Отто Скорцени относился именно к классу посвященных «духовно». Именно он, Скорцени, должен был отправиться в Палестину, чтобы отыскать там чашу Грааля – чашу бессмертия. Он разрабатывал операцию вместе с СС штандартенфюрером Сиверсом, директором «Общества исследования по наследству предков». Чтобы понять это «наследство», Сиверс экспериментировал на людях в концлагерях. Нюрнбергский трибунал отправил его на виселицу. Нынешние эсэсовцы чтут его «память», как «национального героя, мученика идеи».

– Сейчас пишут множество всякой ерунды о нашем движении, – продолжал между тем Скорцени, – увы, победители всегда правы. Никто не хочет увидеть то позитивное, что было в учении Гитлера.

– Расовая теория?

– Это ж тактика! Мы не верили в серьезность его угроз! Мы понимали, что это средство сплотить народ! Каждая политическая структура должна уметь чуть-чуть припугнуть.

– В Освенциме «припугивали»?

– Я там не был. Почему я должен верить пропаганде врагов?

– Я там был.

–После войны? Ничего удивительного – после войны можно написать все, что угодно, победа дает все права.

– Вы не встречались с Эйхманом?

– Он же был «черный» СС! Я прошу вас всегда проводить грань между этими понятиями, – в третий раз нажал Скорцени. – Мы были солдатами: мы смотрели в глаза смерти.

– При каких обстоятельствах вы встретились с адмиралом Хорти? – спросил я.

– Я выполнял приказ фюрера, когда Хорти решил изменить союзническому долгу. Он ставил под удар жизнь миллиона германских солдат, и Гитлер поручил мне сделать все, чтобы Венгрия оставалась союзницей Германии до конца. Я отправился в Будапешт и провел операцию.

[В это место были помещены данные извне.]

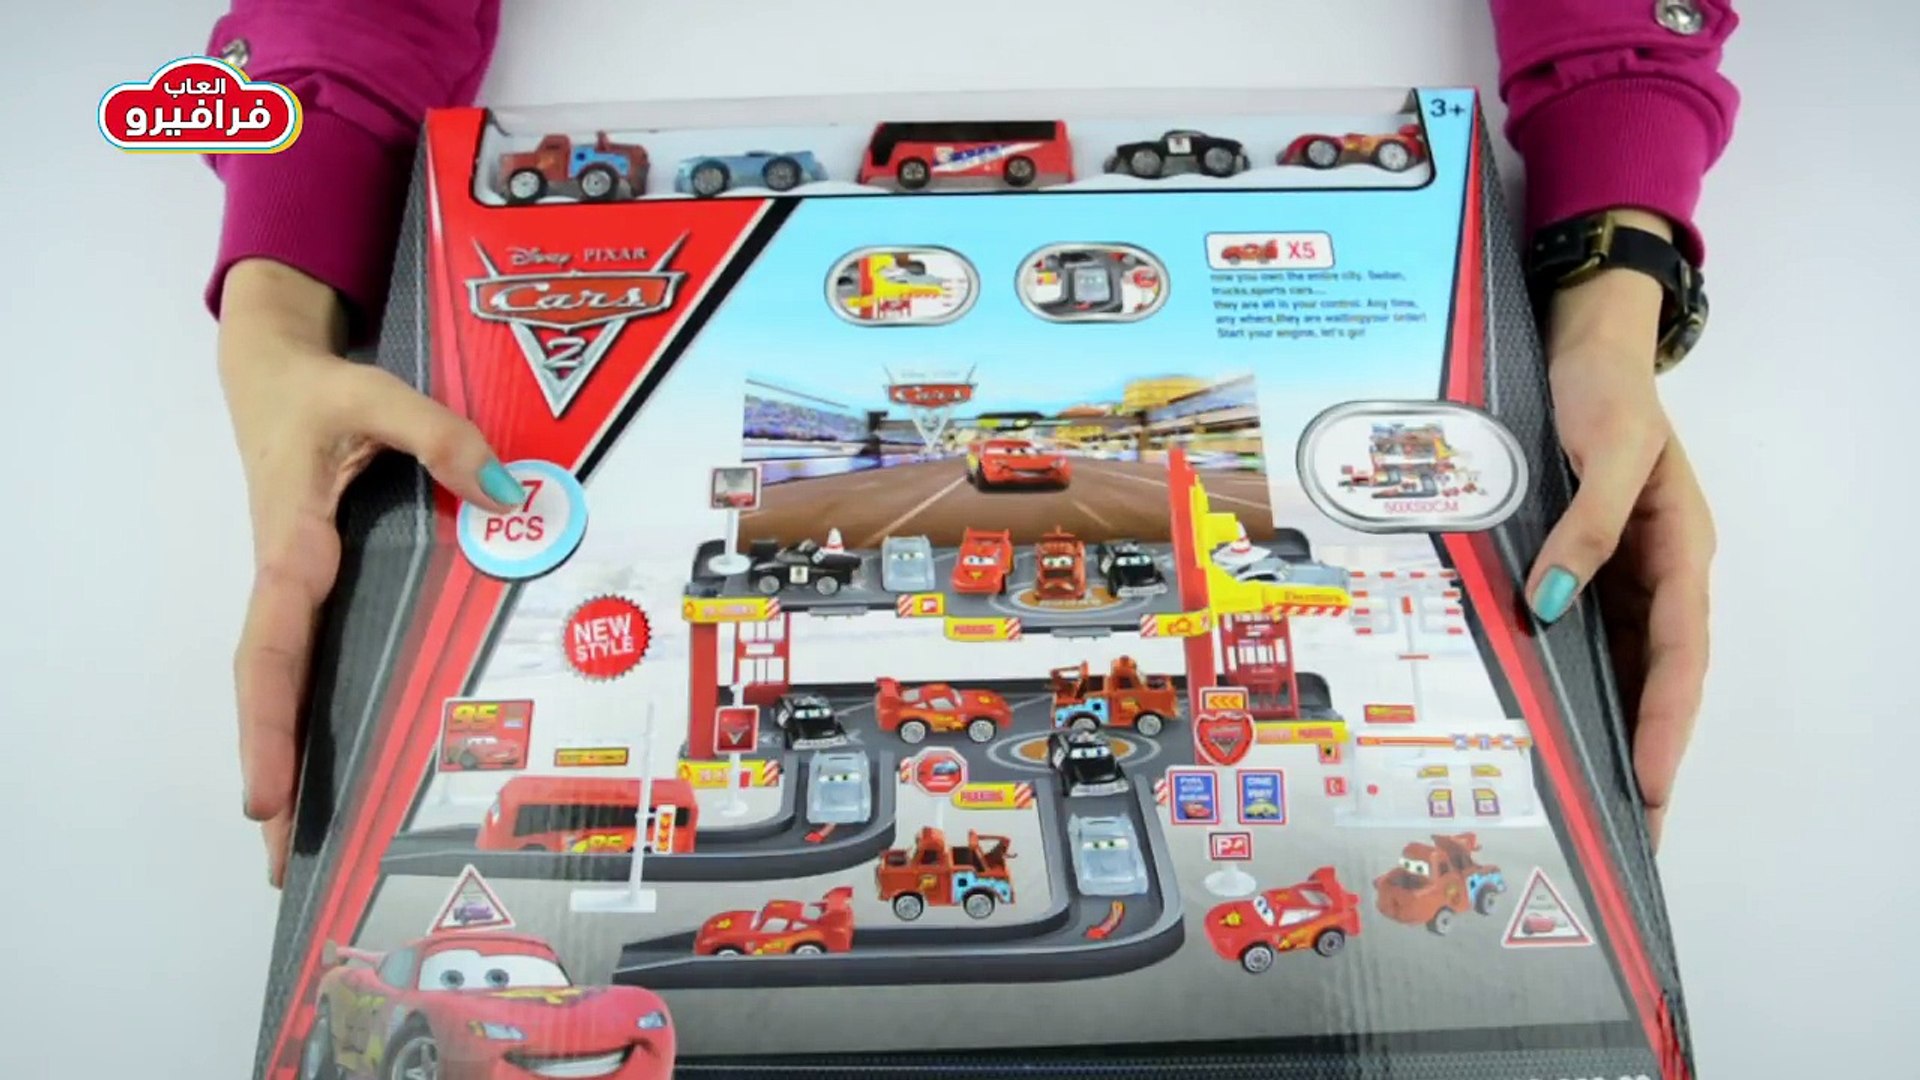 العاب اطفال سيارات ديزني برق بنزين باركينج | ألعاب سيارات سباق Disney Cars  2 Parking Game @Farafero - video Dailymotion

(Очень «чистая» операция! Шелленберг «подвел» к сыну Хорти своего агента, который выдал себя за посланца от югославских партизан. Скорцени было поручено похитить «посланца» вместе с Хорти-младшим, чтобы «надавить» на отца. Скорцени выполнил эту работу: заурядная провокация, проведенная в глубоком тылу, под охраной головорезов Эйхмана.)

Он то и дело возвращается к Гитлеру. Он не скрывает своей любви к нему.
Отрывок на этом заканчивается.